To solve above issue, if commit block checksum is incorrect, check the next
block if has valid magic and transaction ID. If next block hasn't valid
magic or transaction ID then just drop the last transaction ignore checksum
error. Theoretically, the transaction ID maybe occur loopback, which may cause
the mounting failure.
Signed-off-by: Ye Bin <[email protected]>
---
fs/jbd2/recovery.c | 39 +++++++++++++++++++++++++++++++++++++++
1 file changed, 39 insertions(+)
diff --git a/fs/jbd2/recovery.c b/fs/jbd2/recovery.c
index 1f7664984d6e..0a09f1a5fd1e 100644
--- a/fs/jbd2/recovery.c
+++ b/fs/jbd2/recovery.c
@@ -463,6 +463,41 @@ static int jbd2_block_tag_csum_verify(journal_t *j, journal_block_tag_t *tag,
return tag->t_checksum == cpu_to_be16(csum32);
}
+static int check_incomplete_commit(journal_t *journal, unsigned long next_block,
+ unsigned int next_commit_ID)
+{
+ journal_header_t *tmp;
+ struct buffer_head *bh;
+ int err = 0;
+
+ err = jread(&bh, journal, next_block);
+ if (err)
+ return err;
+
+ tmp = (journal_header_t *)bh->b_data;
+ /*
+ * If the next block does not contain consecutive transactions, it can
+ * be considered that the checksum error of the current commit block
+ * is caused by incomplete commit. Ignore the checksum error and drop
+ * the last transaction.
+ */
+ if (tmp->h_magic != cpu_to_be32(JBD2_MAGIC_NUMBER) ||
+ be32_to_cpu(tmp->h_sequence) != next_commit_ID) {
+ jbd2_debug("JBD2: will drop incomplete transaction %u commit block %lu\n",
+ next_commit_ID - 1, next_block - 1);
+ goto out;
+ }
+
+ pr_err("JBD2: potential continuous transaction detected %u at %lu, "

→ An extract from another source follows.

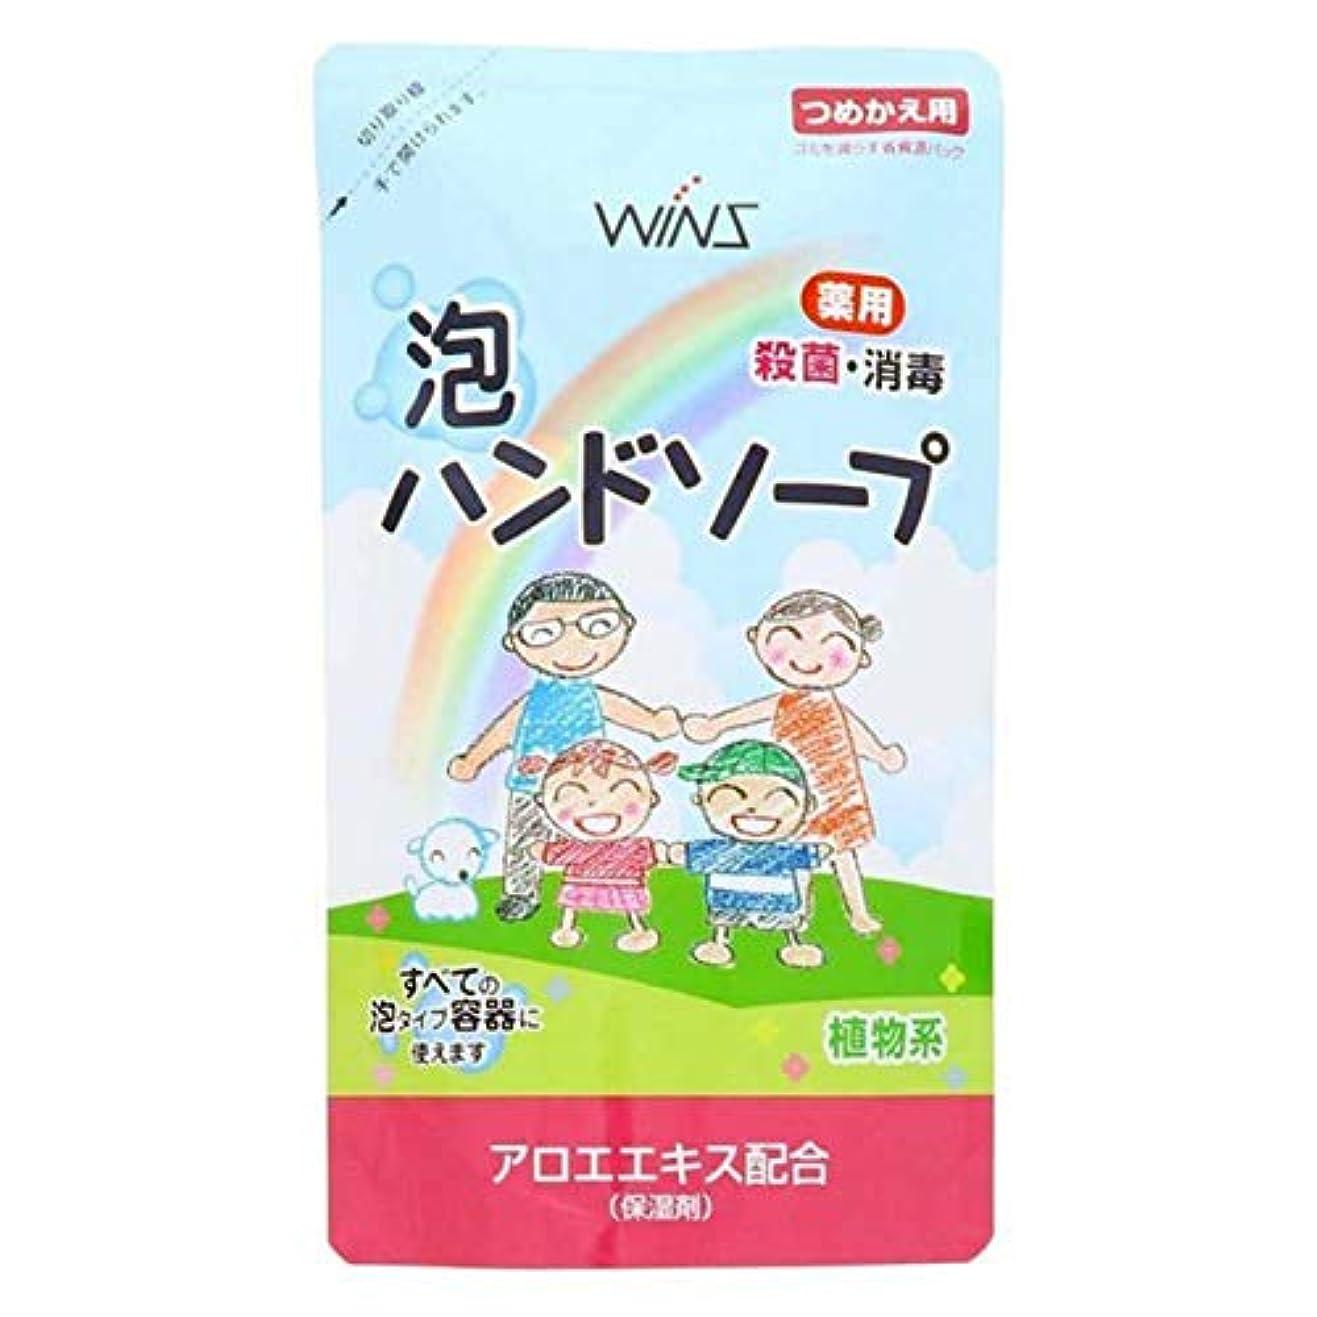 勇気平均あるウインズ 薬用泡ハンドソープ 詰替 200mL 日本合成洗剤

+ "likely invalid checksum in transaction %u\n",
+ next_commit_ID, next_block, next_commit_ID - 1);
+
+ err = -EFSBADCRC;
+out:
+ brelse(bh);
+ return err;
+}
+
static int do_one_pass(journal_t *journal,
struct recovery_info *info, enum passtype pass)
{
@@ -810,6 +845,10 @@ static int do_one_pass(journal_t *journal,
if (pass == PASS_SCAN &&
!jbd2_commit_block_csum_verify(journal,
bh->b_data)) {
+ if (!check_incomplete_commit(journal,
+ next_log_block,
+ next_commit_ID + 1))
+ goto ignore_crc_mismatch;
chksum_error:
if (commit_time < last_trans_commit_time)
goto ignore_crc_mismatch;
--
2.31.1
On Tue, Apr 02, 2024 at 03:42:40PM +0200, Jan Kara wrote:
> On Tue 02-04-24 17:09:51, Ye Bin wrote:
> > We encountered a problem that the file system could not be mounted in
> > the power-off scenario. The analysis of the file system mirror shows that
> > only part of the data is written to the last commit block.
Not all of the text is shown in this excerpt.